Researchers from the University of Leeds and Lancaster University in the United Kingdom have identified a new potential target for the treatment of Alzheimer’s disease: PDE4B.
Alzheimer’s disease is the leading cause of dementia and disability in old age. As the number of people diagnosed with Alzheimer’s disease increases, new treatments are urgently needed to improve the quality of life of people living with the disease.
PDE4B is an enzyme within cells that breaks down a molecule known as cyclic AMP, which regulates a variety of cellular processes. Building on an Australian study that identified the PDE4B gene as a risk factor for developing Alzheimer’s disease, the UK team investigated whether reducing PDE4B activity could protect against Alzheimer’s disease pathology and be a useful treatment approach. To this end, they introduced a gene to reduce PDE4B activity in a mouse model of Alzheimer’s disease (AD) that develops amyloid plaques in the brain, a key pathological feature of the disease.
The researchers observed that AD mice showed memory deficits in maze tests, but memory was not affected in AD mice with genetically reduced PDE4B activity. Using functional brain imaging, the team found that glucose metabolism, the main source of energy in the brain, was altered in AD mice, as seen in patients with the disease. However, AD mice with genetically reduced PDE4B activity showed healthy levels of glucose metabolism in the brain.
To understand the mechanisms involved, the researchers next looked at gene and protein expression levels in the brain. This identified increased inflammation in the brains of AD mice, like that seen in patients with Alzheimer’s disease, but inflammation was lower in AD mice with genetically reduced PDE4B activity. Similar effects were observed for other proteins involved in Alzheimer’s disease pathology. Overall, these data suggest that reducing PDE4B activity could be a useful approach for the treatment of Alzheimer’s disease, although more research is needed to validate the use of drugs targeting the enzyme.

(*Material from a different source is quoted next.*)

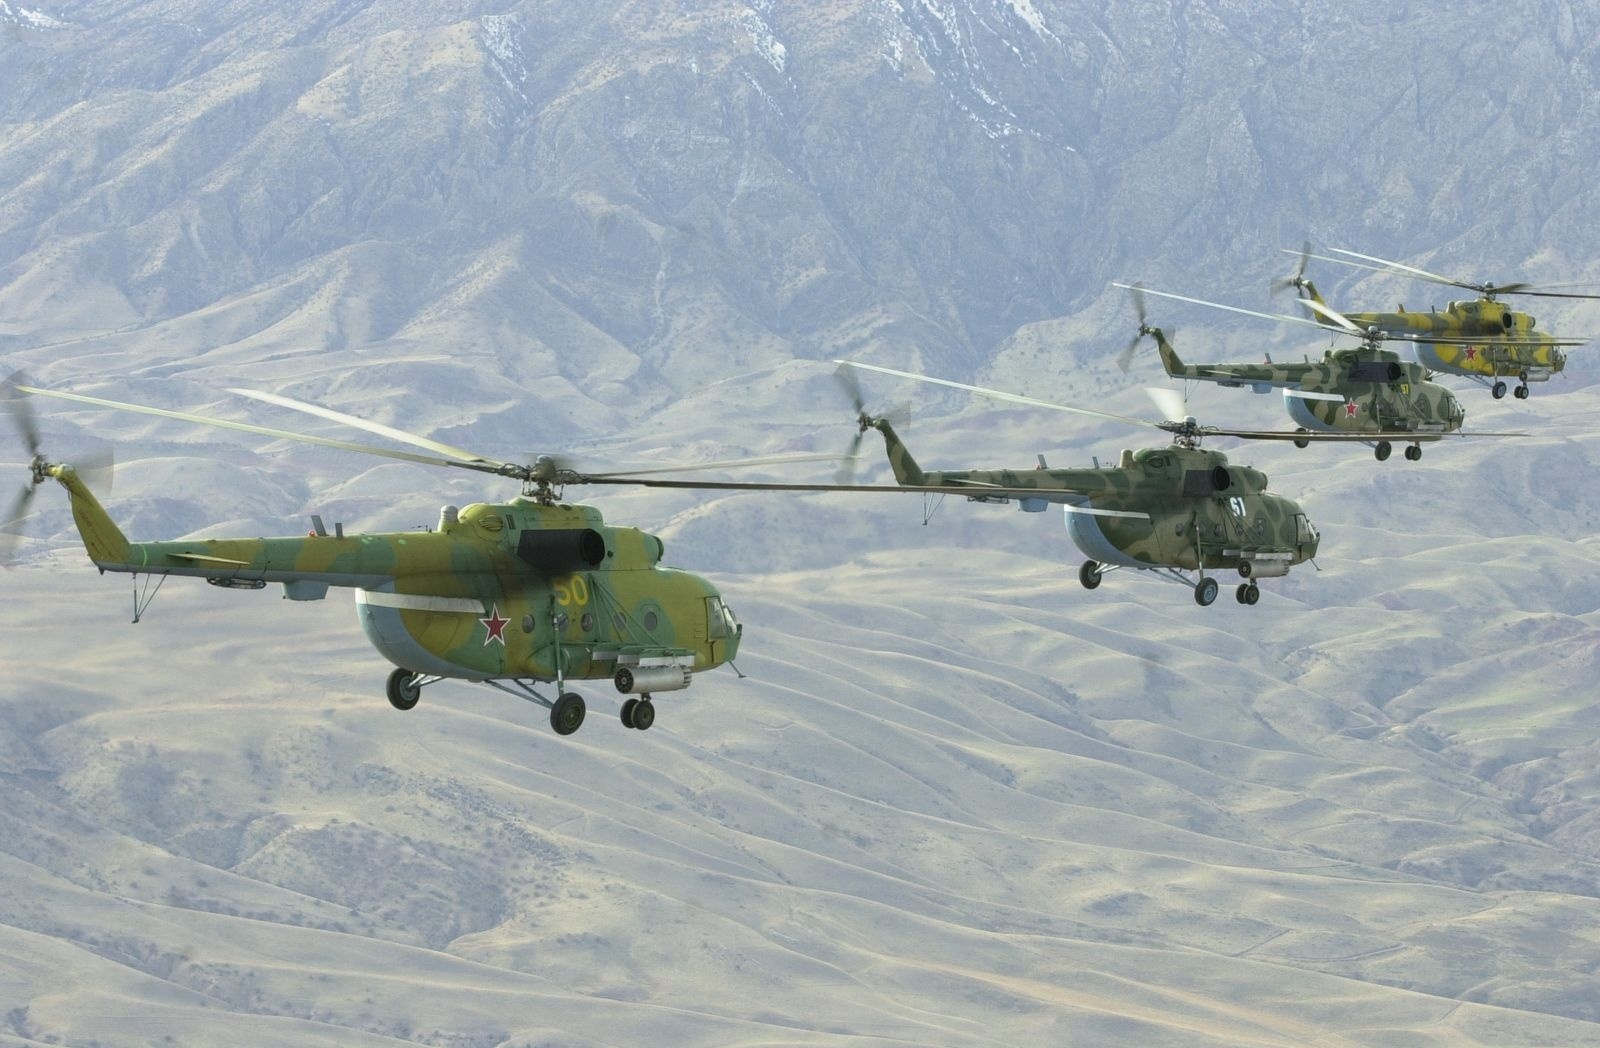 Hiện trực thăng Mi-8 vẫn đang phục vụ tại nhiều quốc gia
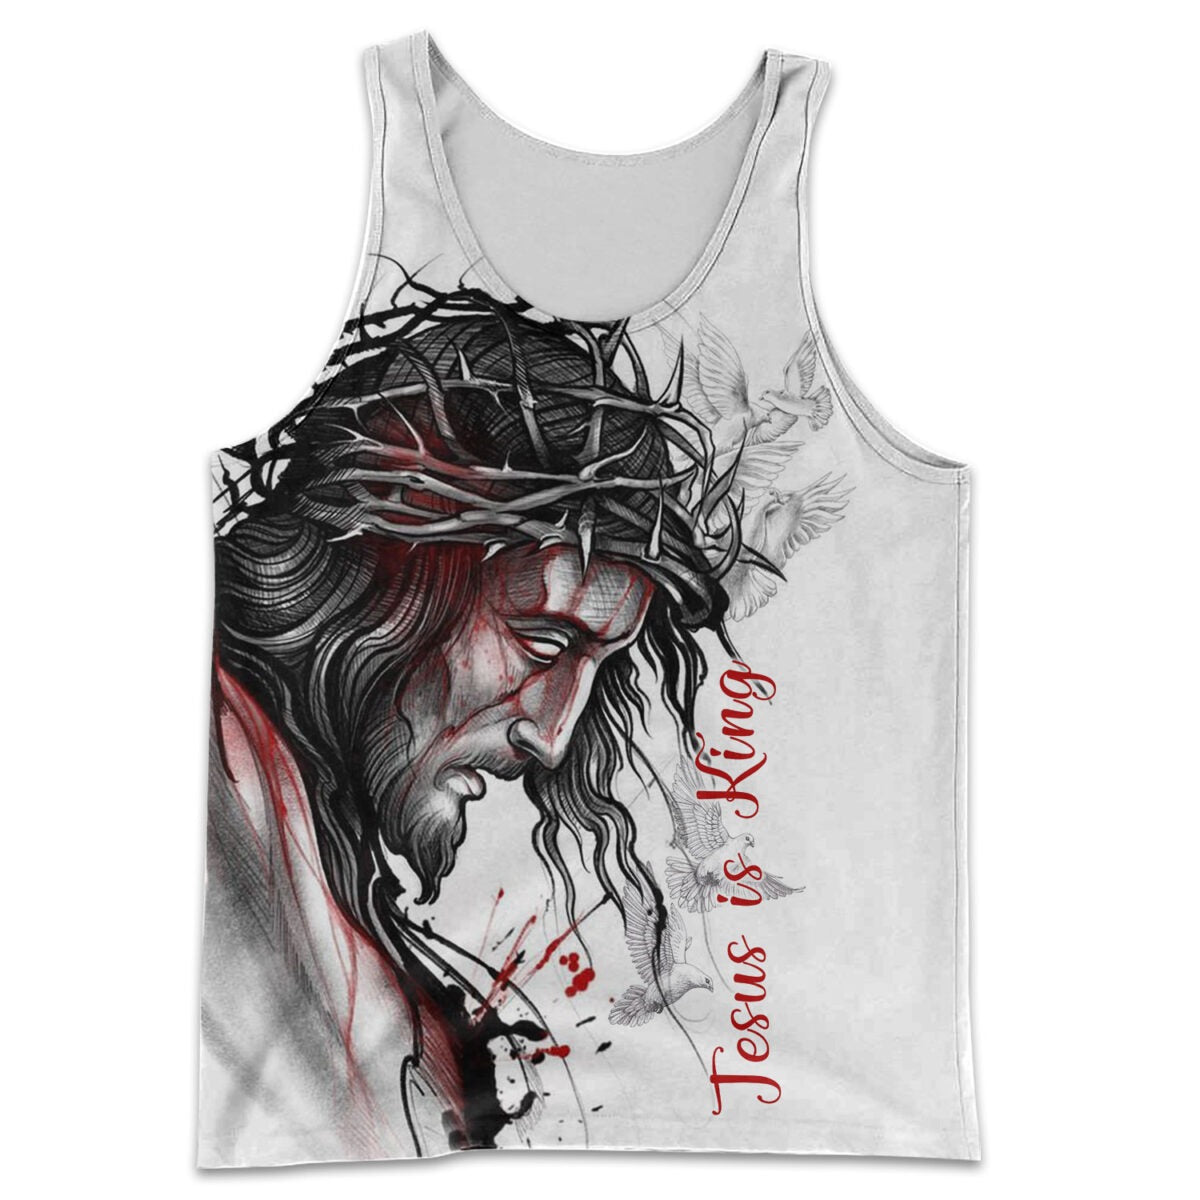 Jesus Is King 3D All Over Print T Shirt/ 3D Jesus Hoodie/ Jesus Clothings

Dr Steven Clapcote, lead researcher at the University of Leeds, said: “Reducing the activity of the PDE4B enzyme had a profound protective effect on memory and glucose metabolism in the AD mouse model, despite that these mice did not show any decrease in the number of amyloid plaques in the brain, raising the possibility that reducing PDE4B activity may protect against cognitive decline not only in Alzheimer’s disease but also in other forms. of dementia, such as Huntington’s disease.
Dr Neil Dawson, co-author of the paper, from Lancaster University, echoed these sentiments: “These results offer real hope for the development of new treatments that will benefit patients with Alzheimer’s disease in the future. It was Intriguing to discover that reducing PDE4B activity by just 27% could dramatically rescue memory, brain function and inflammation in AD mice. “The next stage is to test whether PDE4B inhibitor drugs have similar beneficial effects in the mouse model of AD, to test their potential efficacy in Alzheimer’s disease.”
The research was published in the journal Nature Portfolio. Neuropsychopharmacology and was supported by Dunhill Medical Trust, BBSRC, Alzheimer’s Research UK and the Scientific and Technological Research Council of Turkey.